Remeniscing the Calamities that Brought Love and Concern from the Methodist Connection

Typhoon Sendong

During the early morning of Thursday, December 15, the Philippine Weather Bureau forecasted a low pressure from the Pacific Ocean. Late evening of the same day, Pag-asa announced that the low pressure has turned into a tropical storm giving its name “Sendong” and forecasted that it will land in Davao Oriental and passes through Agusan Sur, Bukidnon, Misamis provinces and Zamboanga del Norte. Pag-asa issued a signal number 1 for typhoon Sendong and warned of heavy rains on the affected provinces.

Typhoon Sendong brought heavy rains on its tracks starting late evening of Thursday, Dec. 15, and continued the whole day of Friday, Dec. 16. At 1:00 o’clock in the early morning of Saturday, Dec. 17, the heavy rains, strong winds, and rushing water from the mountains and higher grounds flooded both cities of Iligan and Cagayan de Oro. Water rose to more than 10 feet within minutes especially along the riverside, or coastal and low lying areas.
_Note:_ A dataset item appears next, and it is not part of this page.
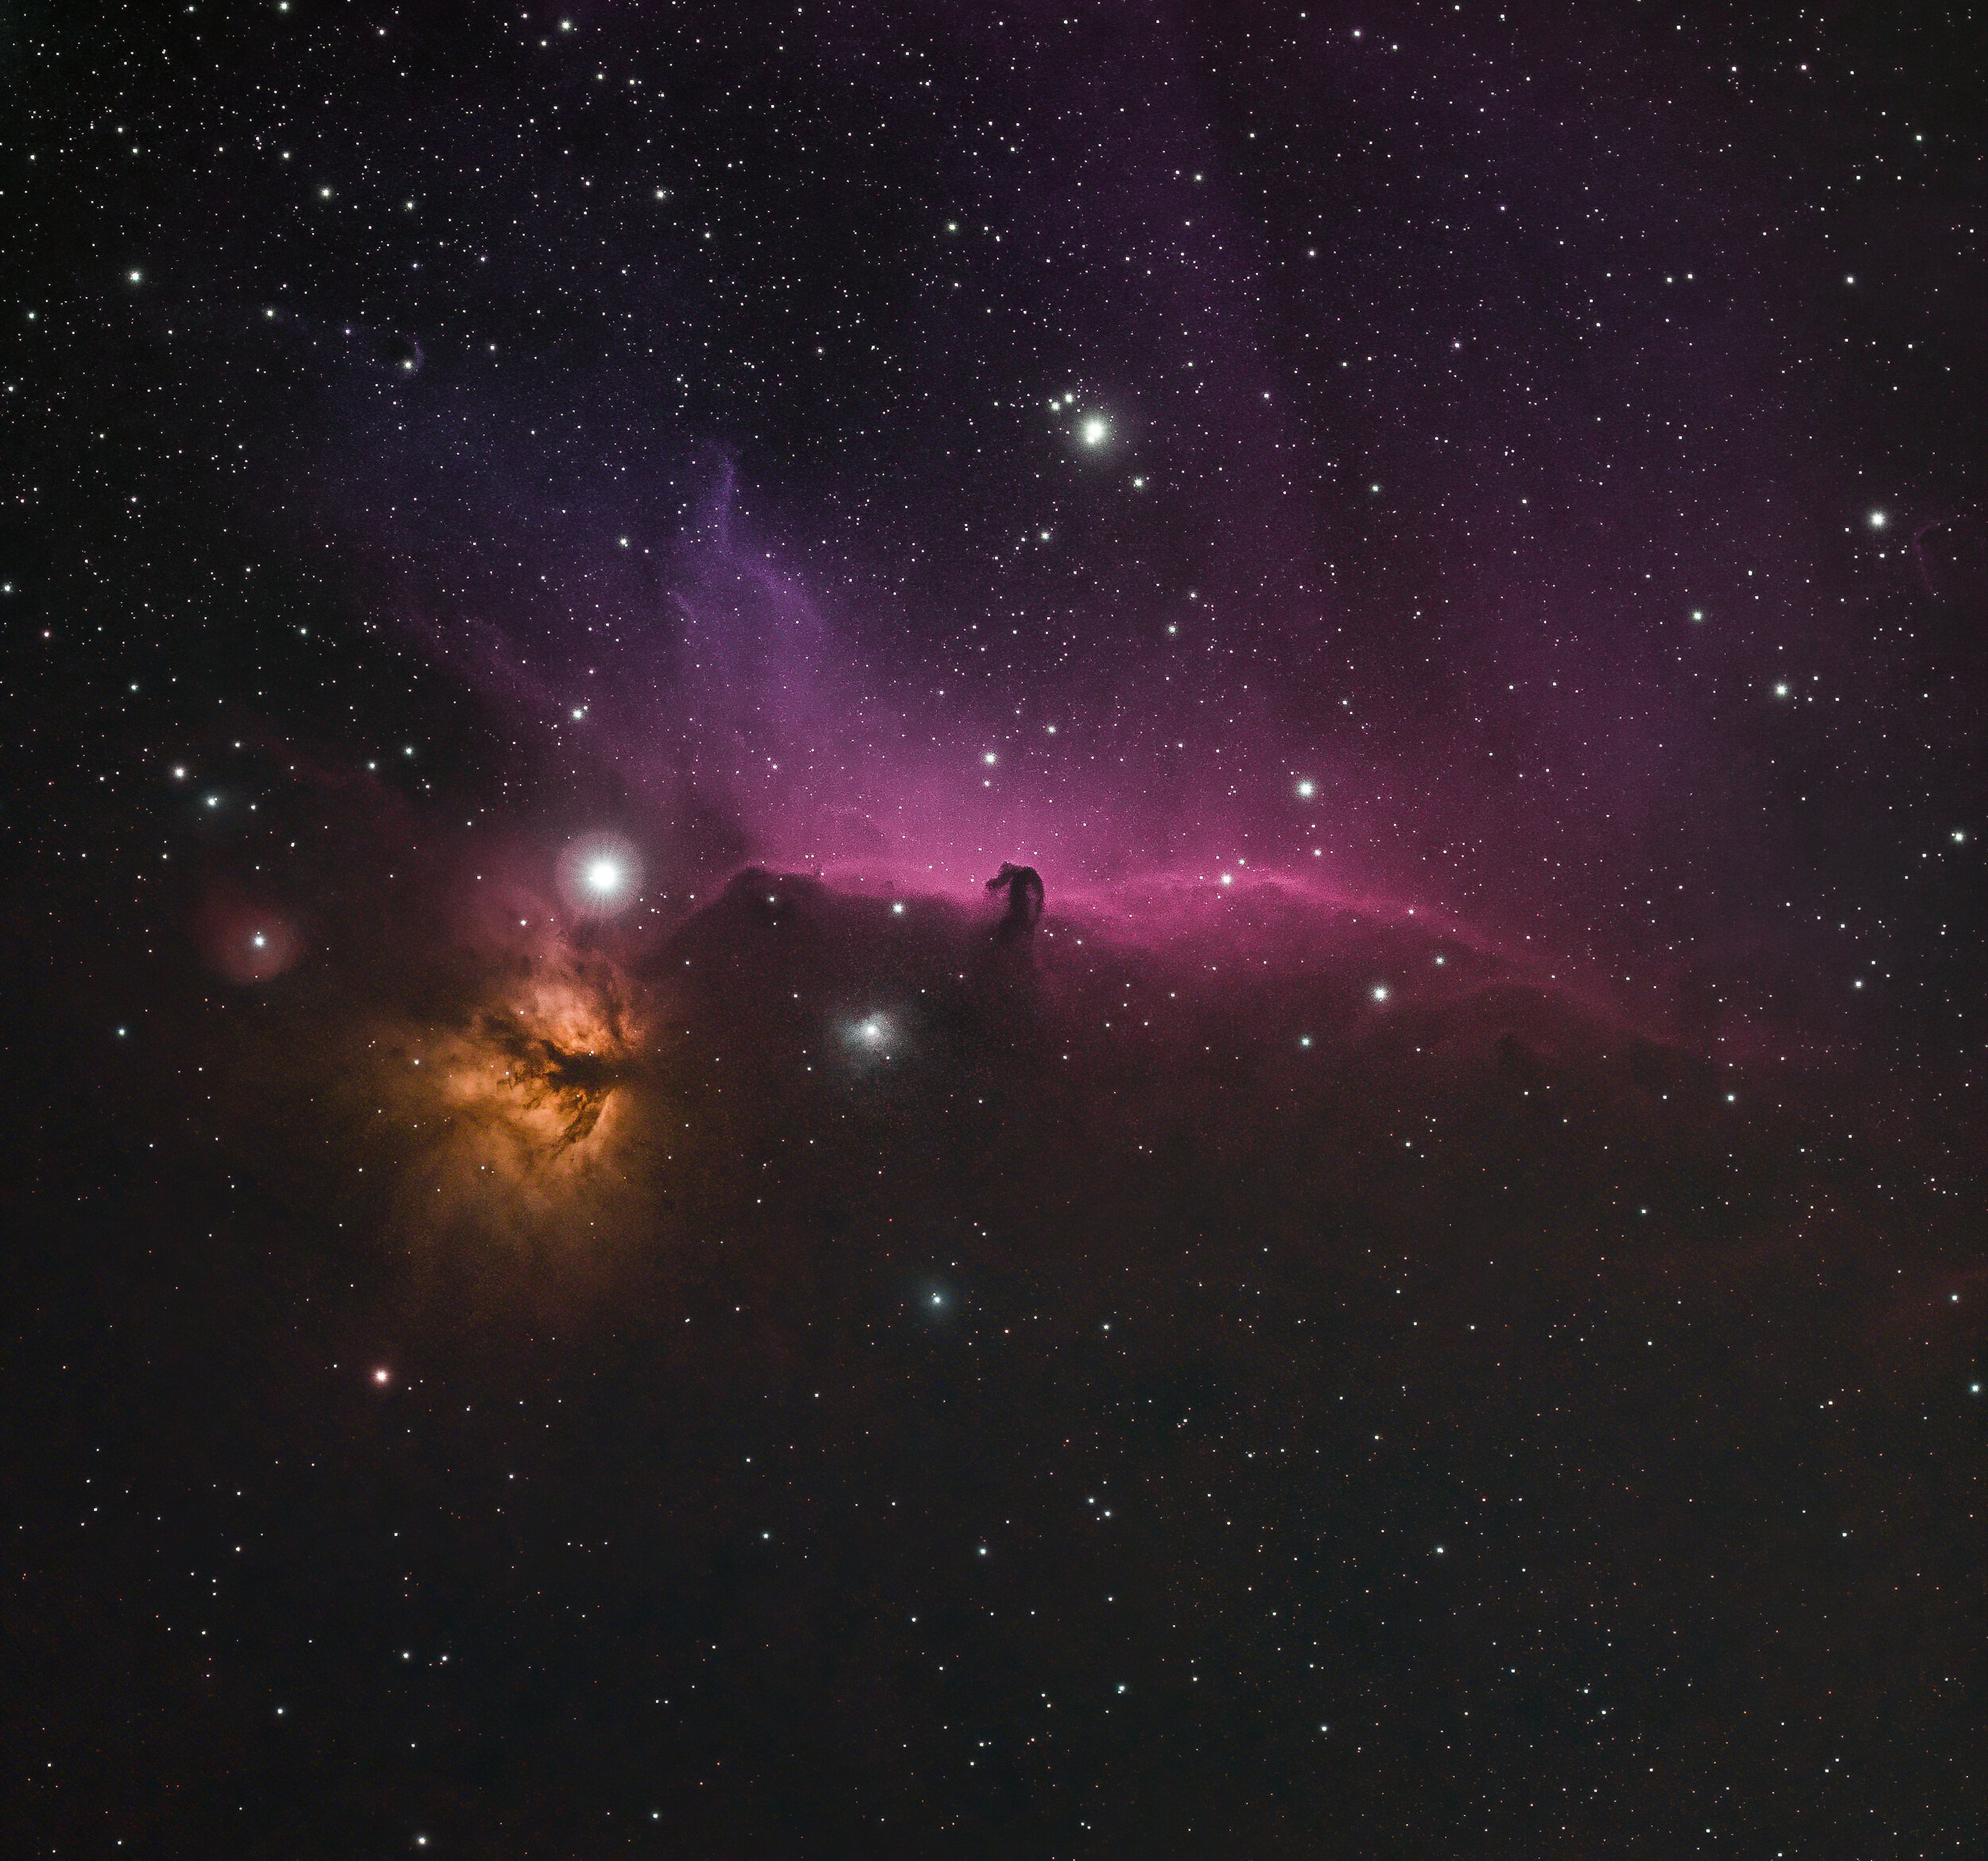  ic434 flame + horse head nebulas   [distance/age: 1500 light years]

Flash floods in some places rose to as high as 30 feet. The flood carried with it big logs from the mountains. The logs hit houses, demolishing not only light material houses but concrete ones, too. Several villages were literally washed out, especially communities at the bank of the river. There were 9,193 houses totally destroyed, 18,873 houses partially damaged with a total of 28,030 houses destroyed and damaged. Thirty six thousand families were affected, more than 500 thousand individuals, 1,200 were accounted dead, 1,603 injured, and close to 800 still missing. In both Cagayan de Oro and Iligan cities 45,000 displaced persons are in evacuation centers, while 266,000 persons stays outside temporary shelters, with a total of 311,000 persons being assisted daily. The cities severely hit were Iligan and Cagayan de Oro. Debris from houses, buildings and other structures that had been destroyed was all sweep out to the sea, leaving huge areas devoid of all traces of habitation. It was also noted that for the first time in the history of Mindanao, an appeal was made urgently for casket and body bags as a priority in the relief needs. For the days that followed, in many places, there was no drinking water. Disease in evacuation centers also became a problem. Many were affected with Leptospirosis and some of them died.

We have a United Methodist presence in both cities. Twenty United Methodist families in Cagayan de Oro City were affected. Two houses were completely washed out. The homes of the others were submerged in the floods and damaged. At the height of the flood our members have to climb to their roof tops to avoid being drowned. In Iligan City 10 United Methodist homes were affected and one whole family drowned: father, mother 2 children, together with a relative and a helper.

There were other places too, that were affected but were not highlighted by the media. We have a record of reported deaths from the following places affected by typhoon Sendong:
Bukidnon province 77, in Negros Oriental and Dumaguete city 44 persons, Compostela Valley 5 persons, Lanao del Sur 4 persons and in Zamboanga del Norte 3 persons.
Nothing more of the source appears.